_Problem details_
The listing below is to be duplicated exactly, with every picture omitted.

_Recorded data_
"""
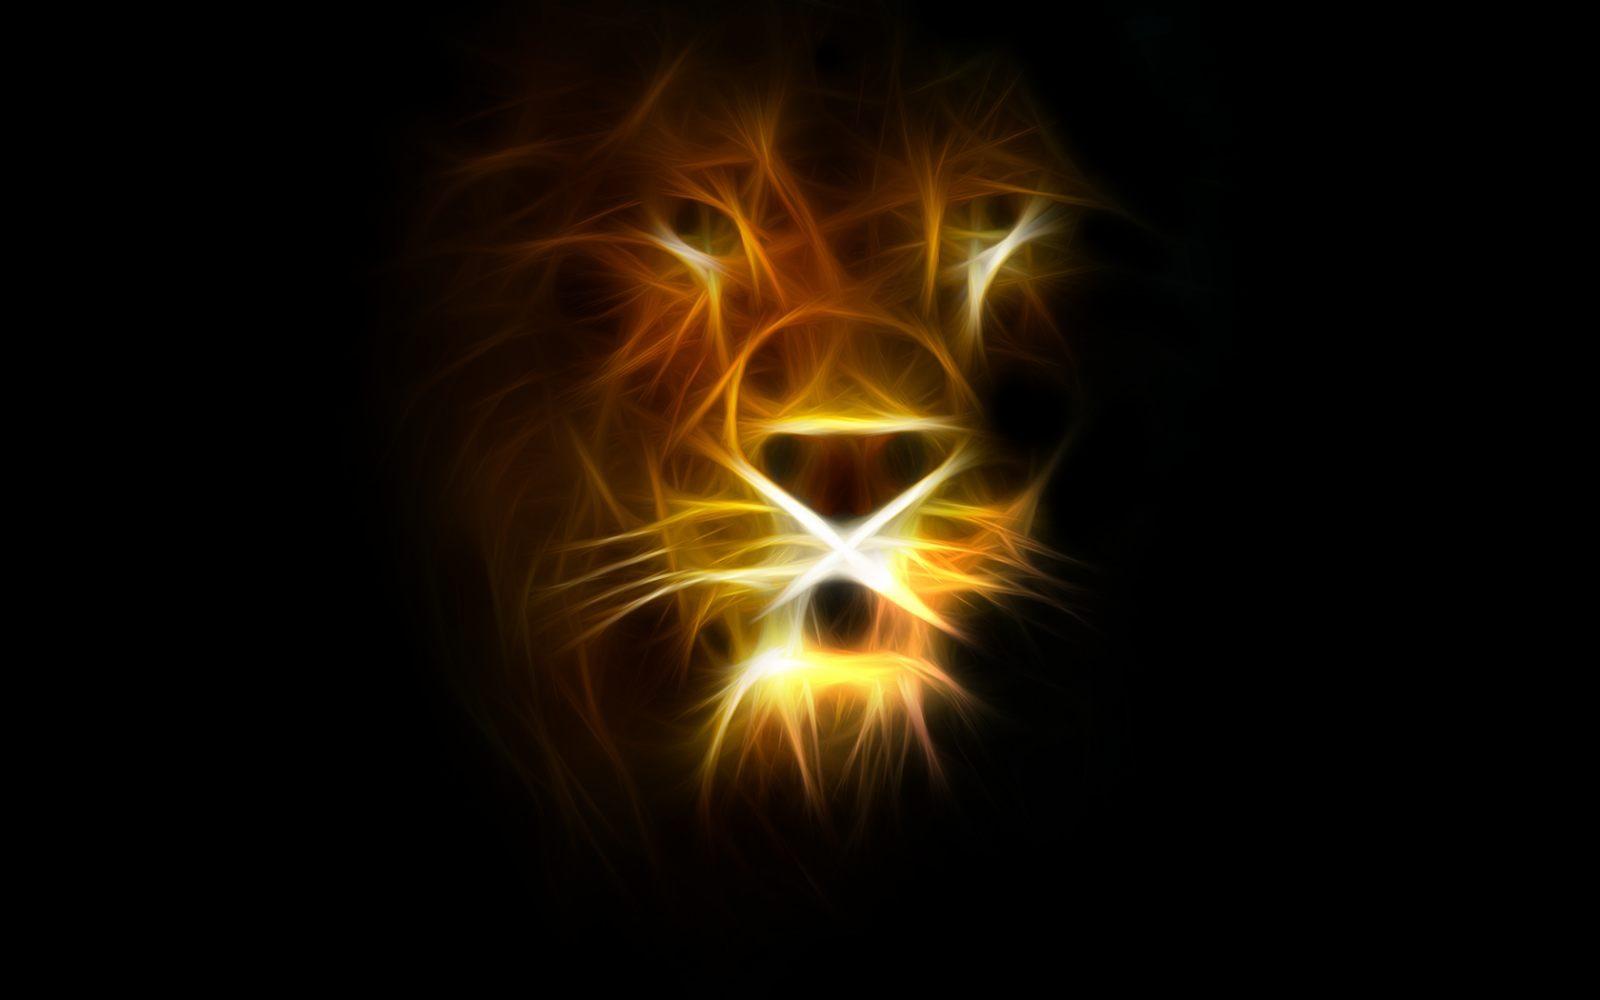 Worksheet. Fondos de pantalla de leones
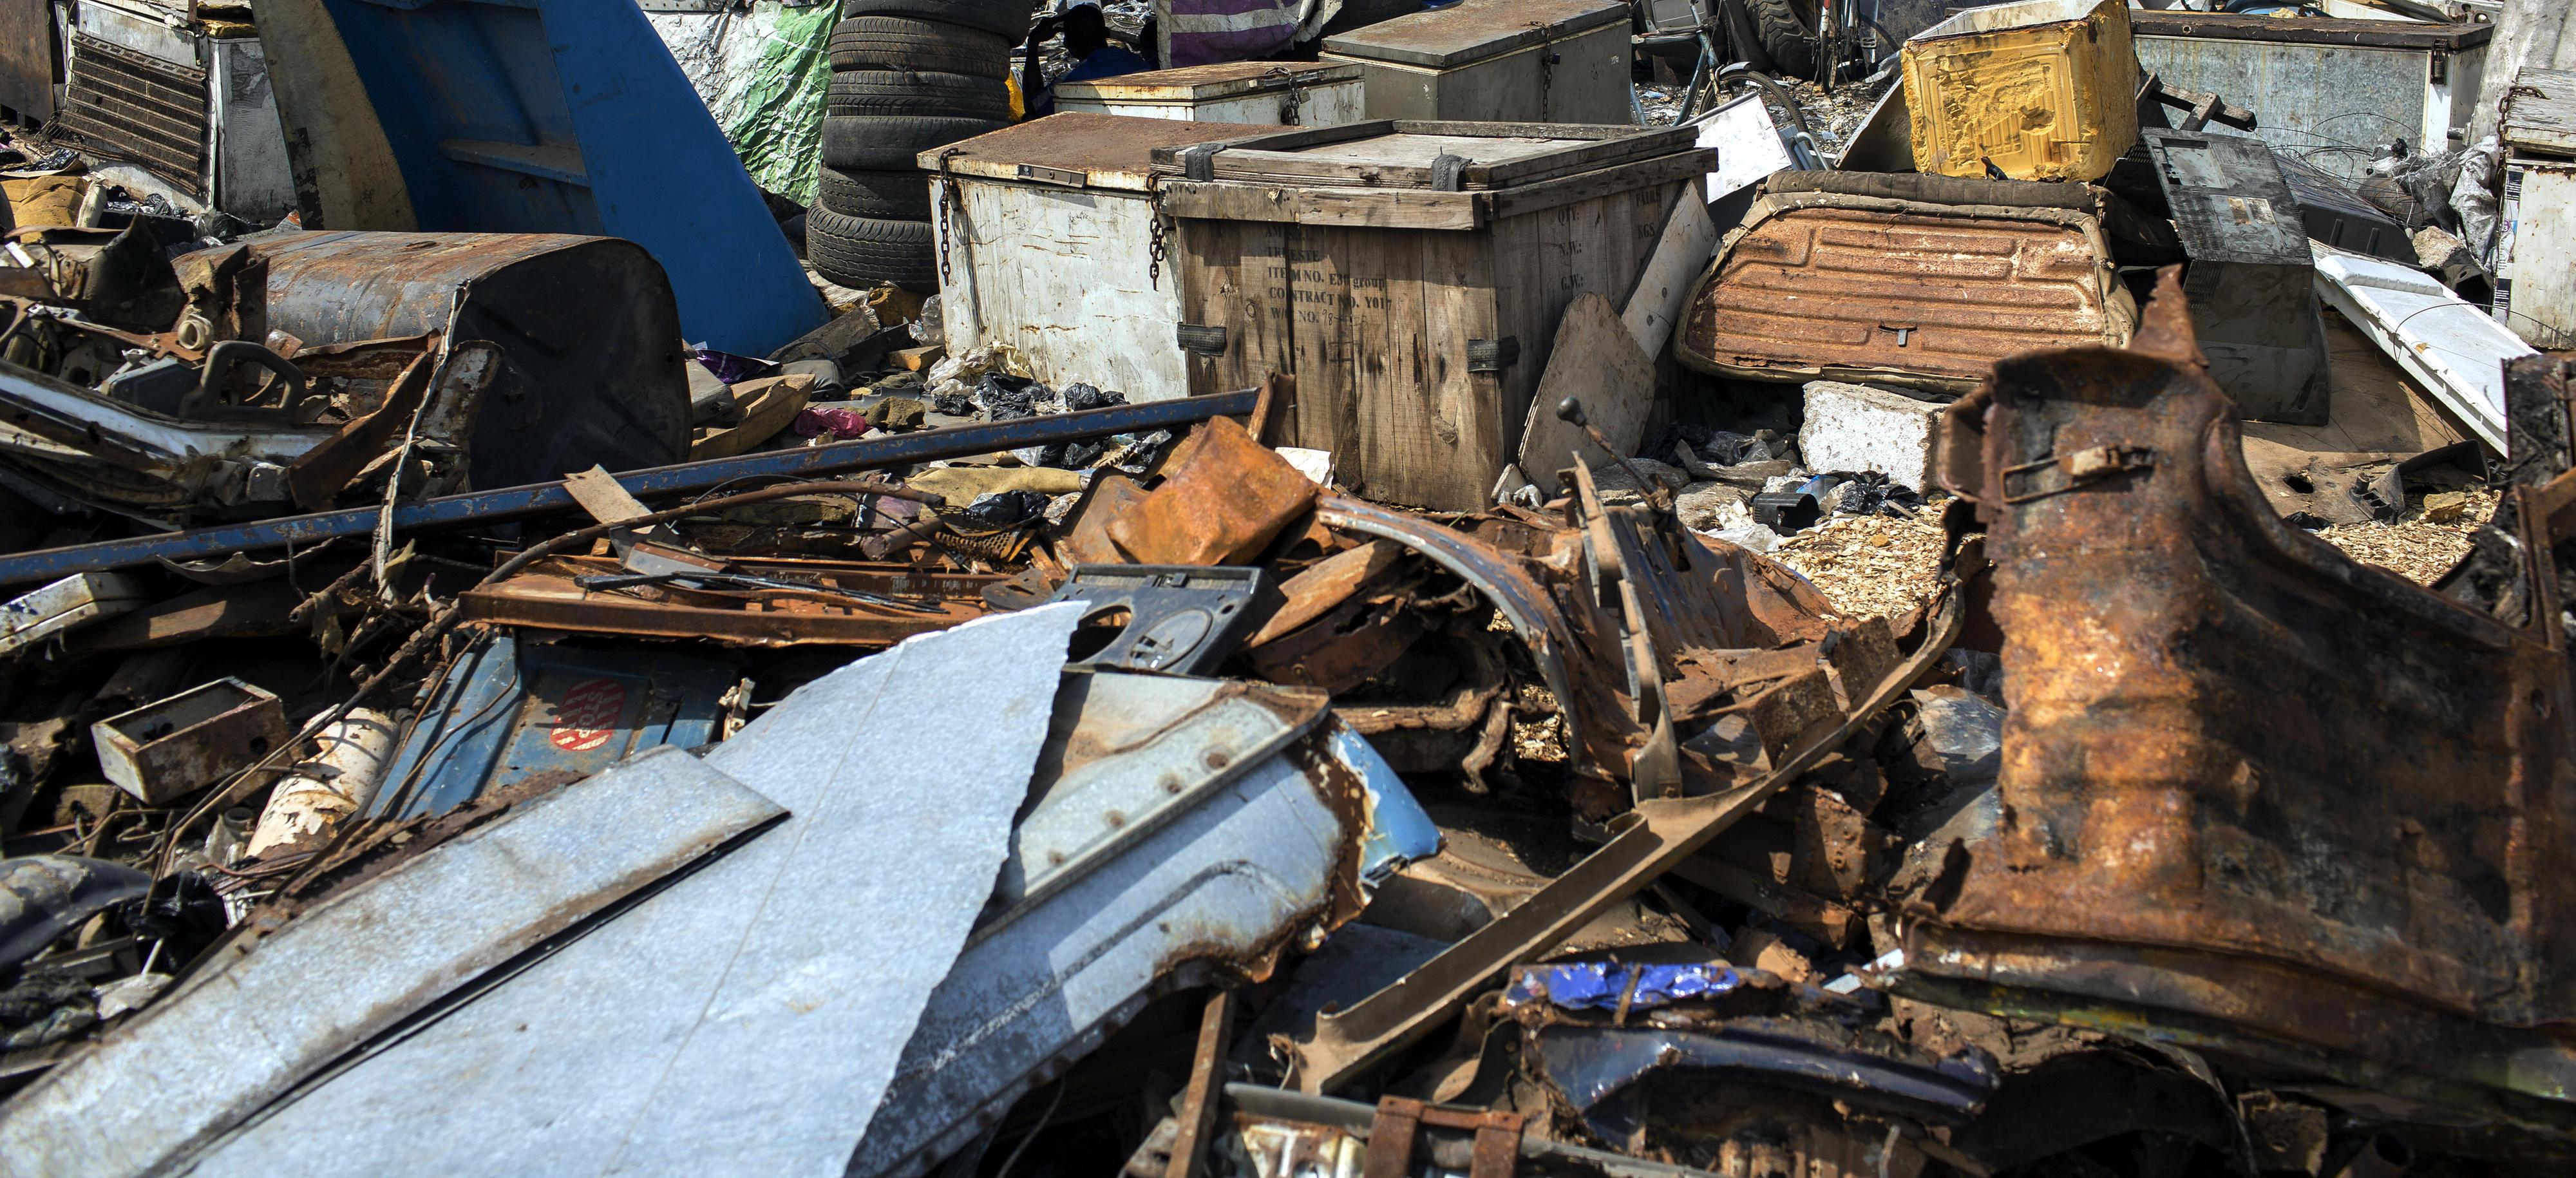 Detailaufnahmen einer Mülldeponie, Blechteile, Holzabfall, Elektronikschrott und anderer Abfall
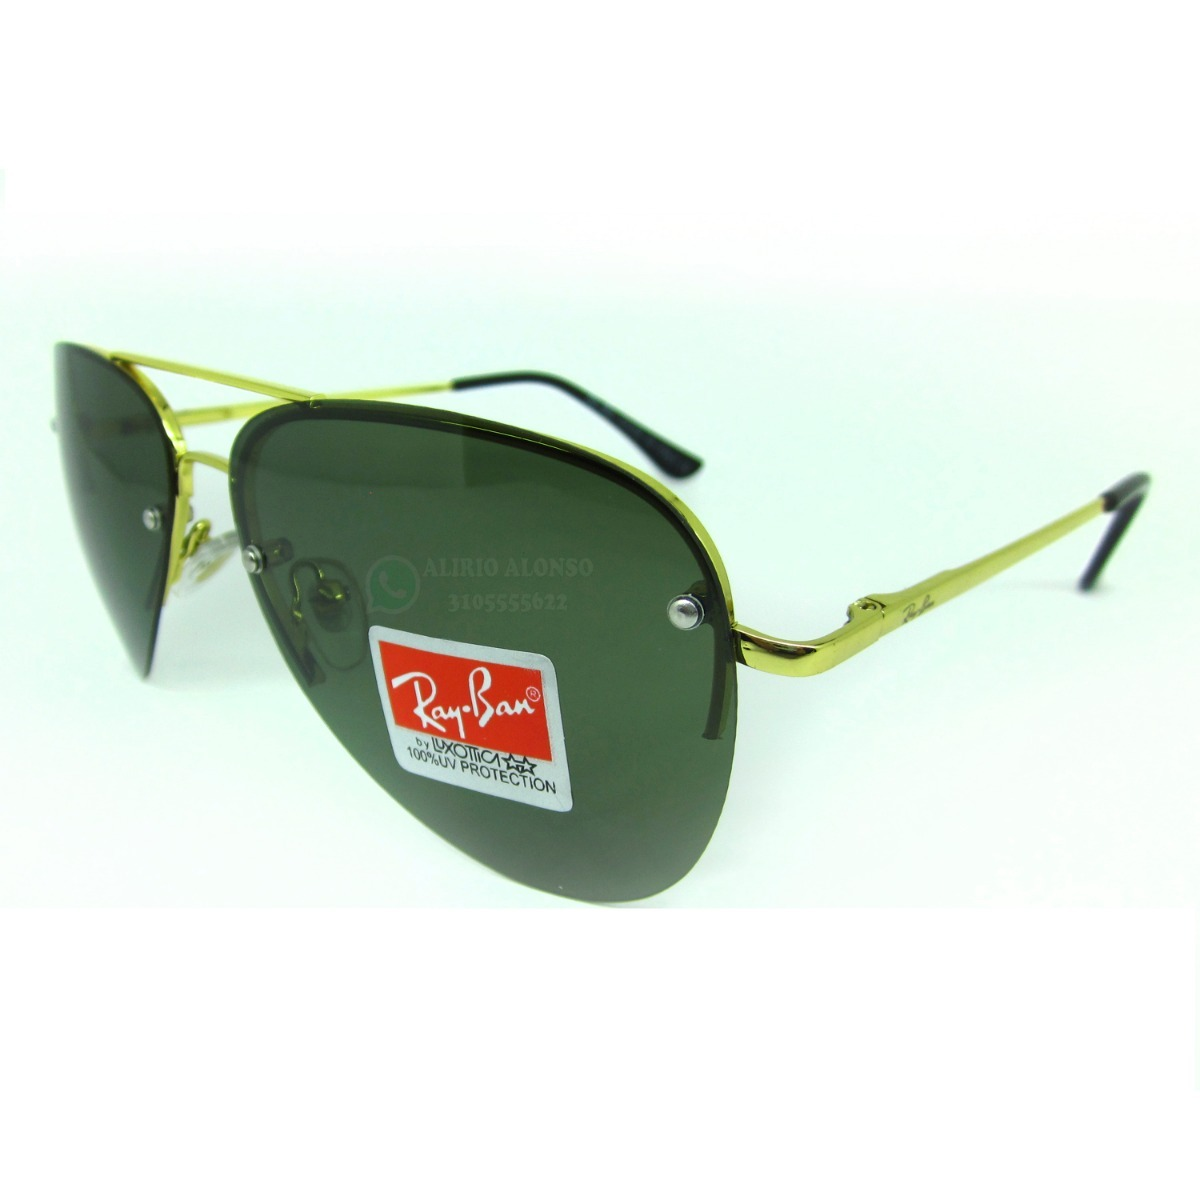 d619397eeb126 gafas ray ban piloto aviador polarizadas dorado 53mm 50% off. Cargando zoom.
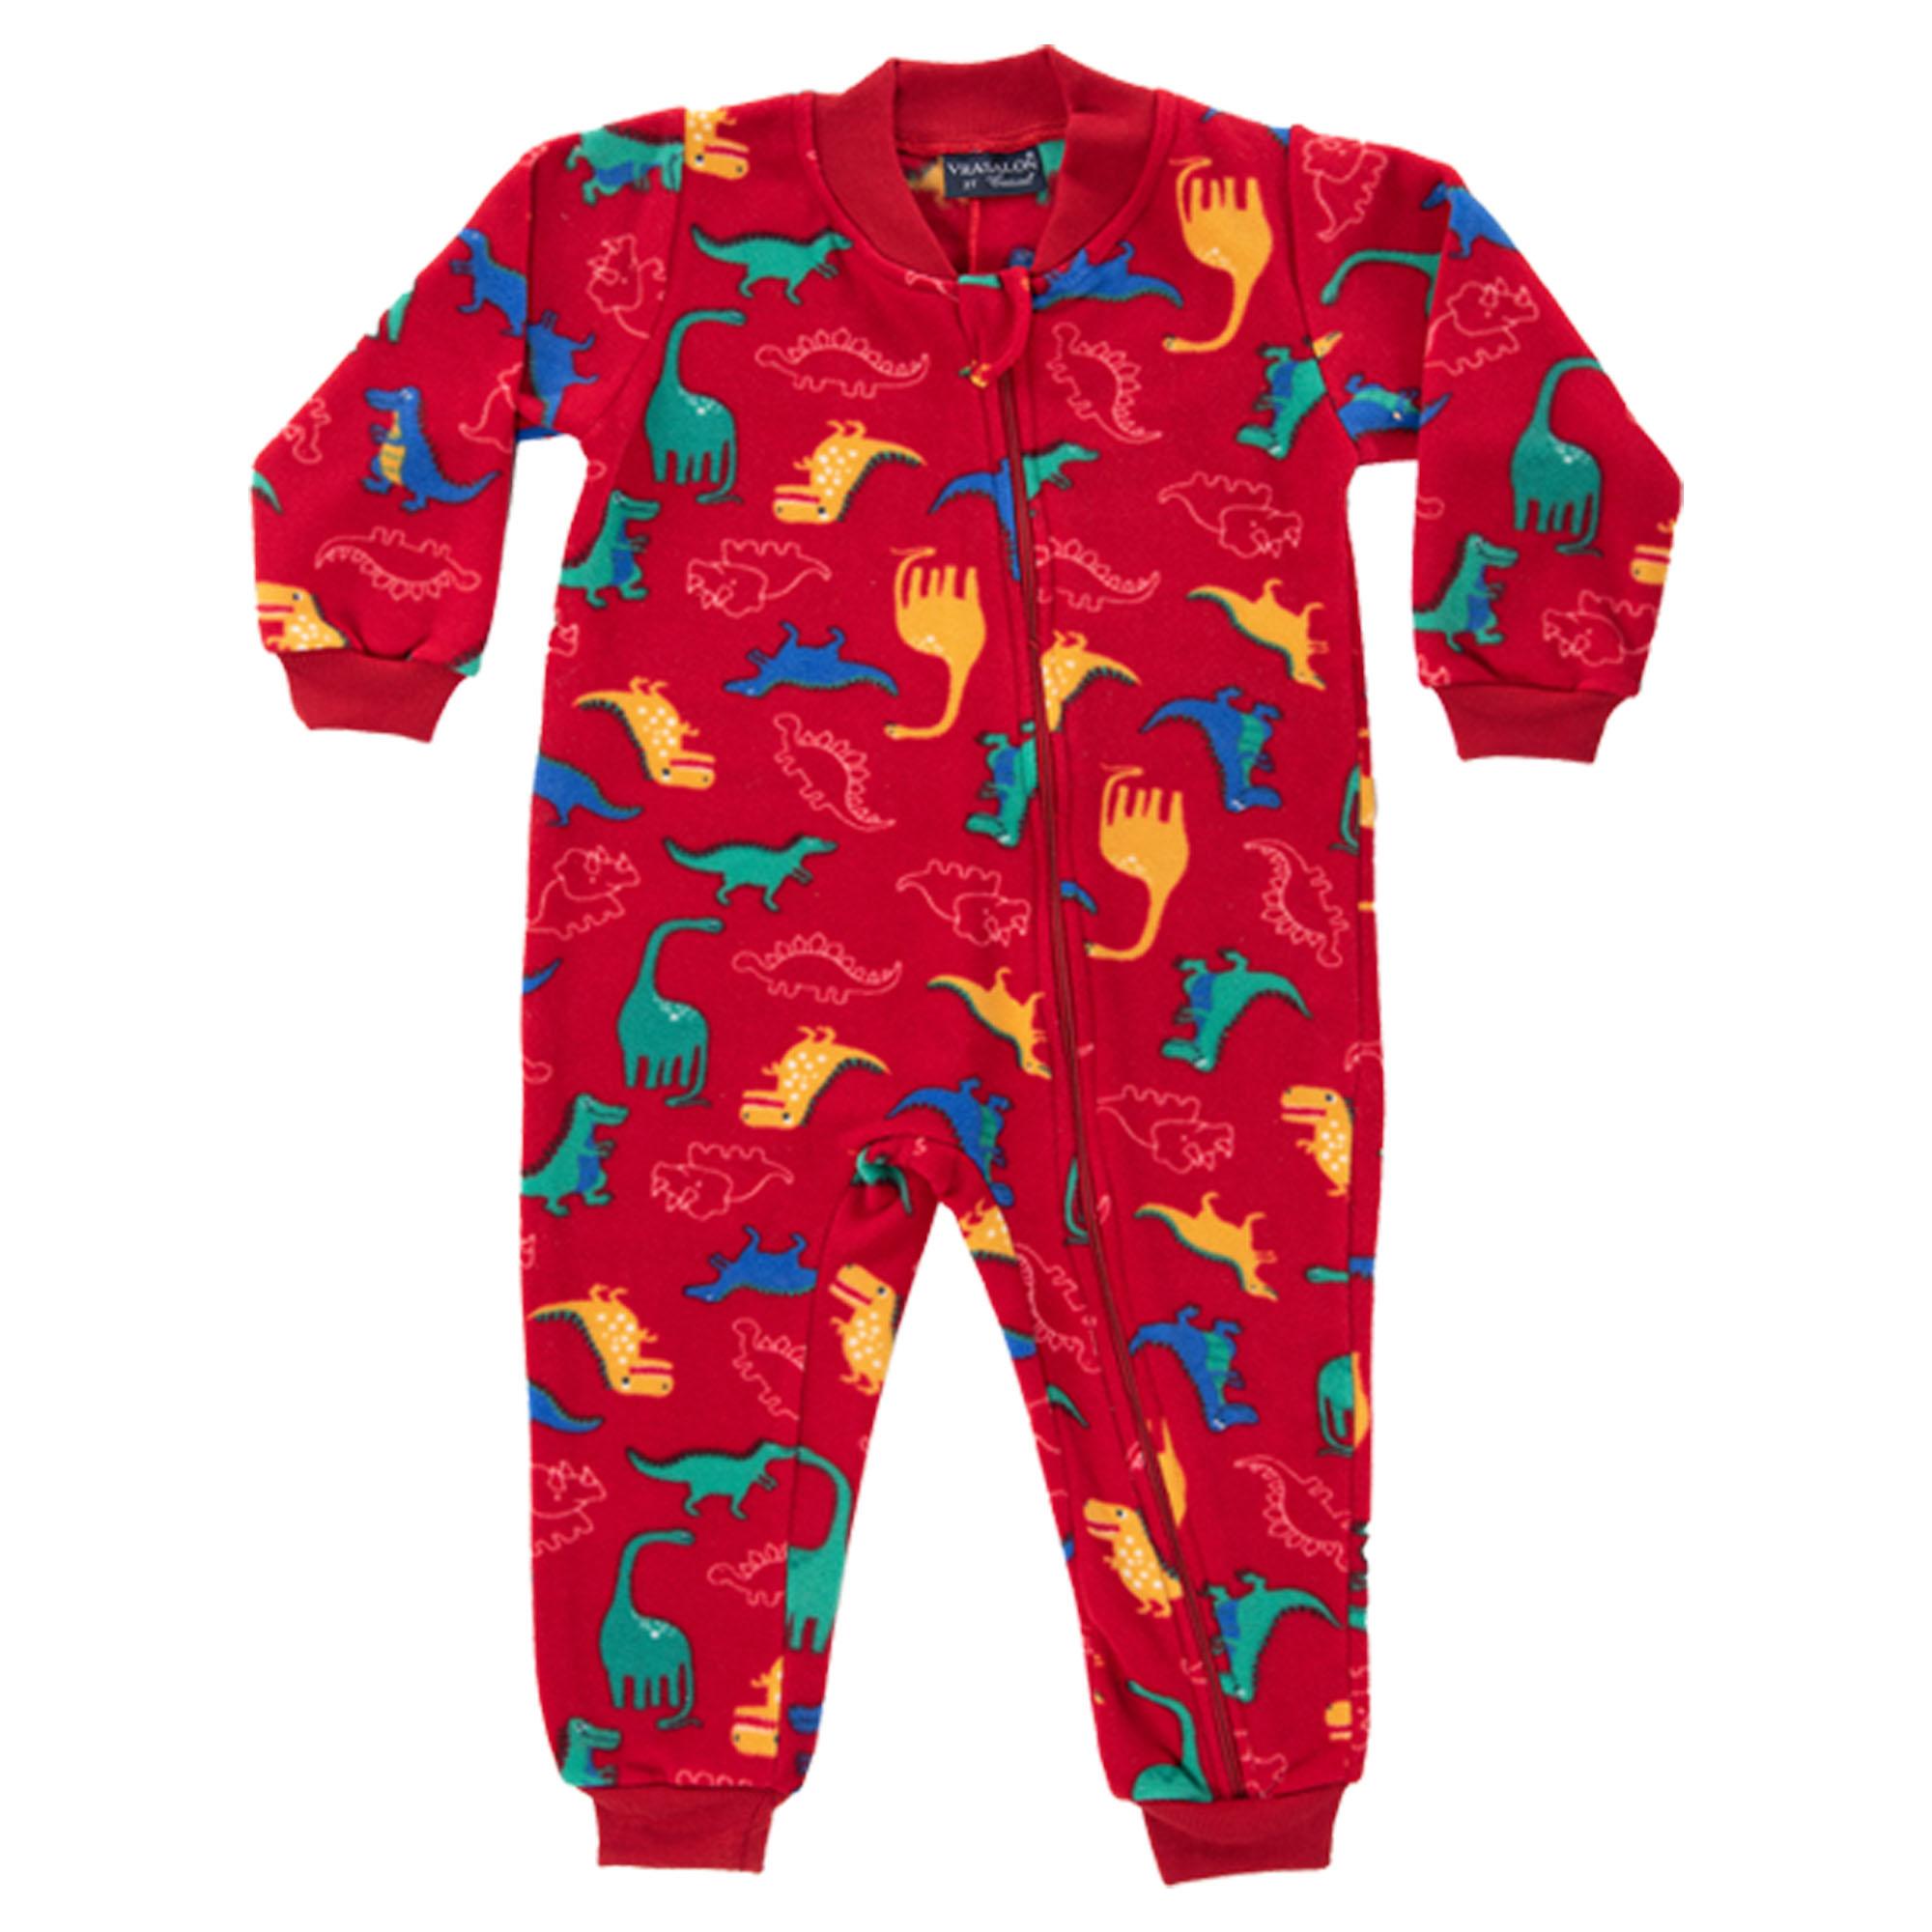 Macacão Pijama Inverno Vrasalon Soft Dinossauros - 04 ao 08
"""
_Exercise output_
 Worksheet. Fondos de pantalla de leones
 Detailaufnahmen einer Mülldeponie, Blechteile, Holzabfall, Elektronikschrott und anderer Abfall
 d619397eeb126 gafas ray ban piloto aviador polarizadas dorado 53mm 50% off. Cargando zoom.
 Macacão Pijama Inverno Vrasalon Soft Dinossauros - 04 ao 08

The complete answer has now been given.